Research Suggests Every Teacher Should:

  1. Build disciplinary and world knowledge.  (AKA Background knowledge)
  2. Provide exposure to a volume and range of texts.
  3. Provide motivating texts and contexts for reading.
  4. Teach strategies for comprehending.
  5. Teach text structures.
  6. Engage students in discussion.
  7. Build vocabulary and language knowledge.
  8. Integrate reading and writing.
  9. Observe and assess.
  10. Differentiate instruction (Samuels & Farstrup, 2012, p. 52).

This list comes from my  new favorite book, What Research Says About Reading Instruction.  I just discovered there’s also a What Research Says About Vocabulary Instruction which I’ve put on my Amazon wish list.
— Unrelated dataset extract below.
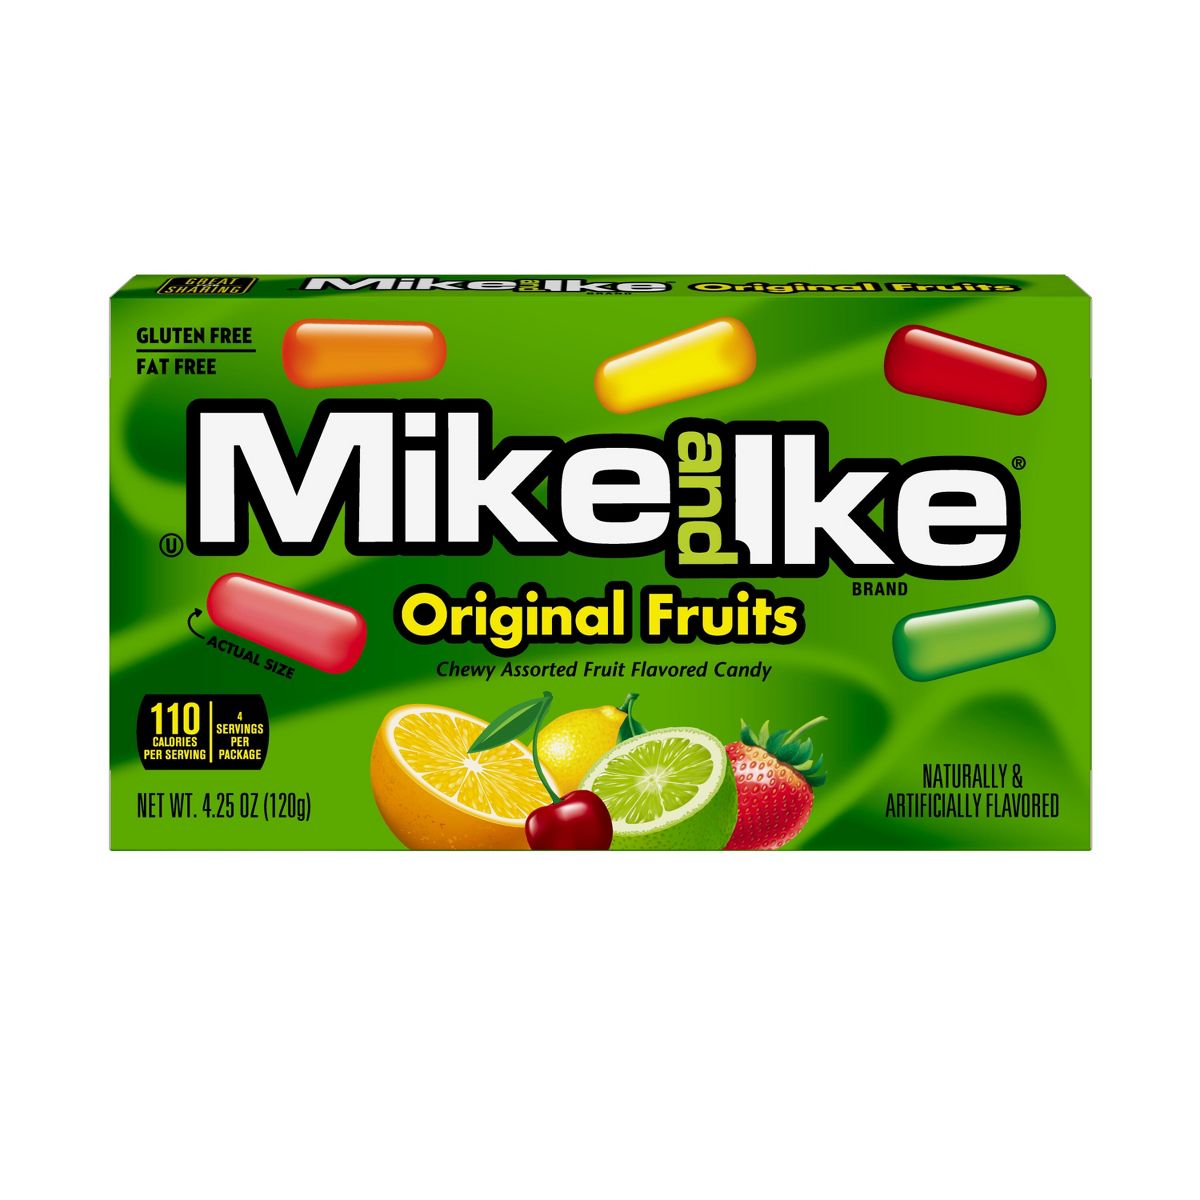 Mike & Ike Original Fruits 5 Oz Box

I don’t think any of this is new news to anyone teaching reading, but it is wonderfully affirming news.  I realize that my weakness has been teaching text structure in non-fiction reading.  I’ve busily been collecting information on structure so I can work with it more than usual next year.  Last year my focus was student discussion.  I’ve been preparing a website at Collaborative Classroom to have my students have online discussions as “boardwork” when they enter the room, exit tickets before they leave the room, or in-depth discussions in the middle or for homework.  I love online discussions as it makes it possible for the teacher to monitor all the discussions not just those in earshot.

Samuels, S. J., & Farstrup, A. E. (2012). What research has to say about reading instruction. (fourth ed.). Newark, DE: International Reading Association.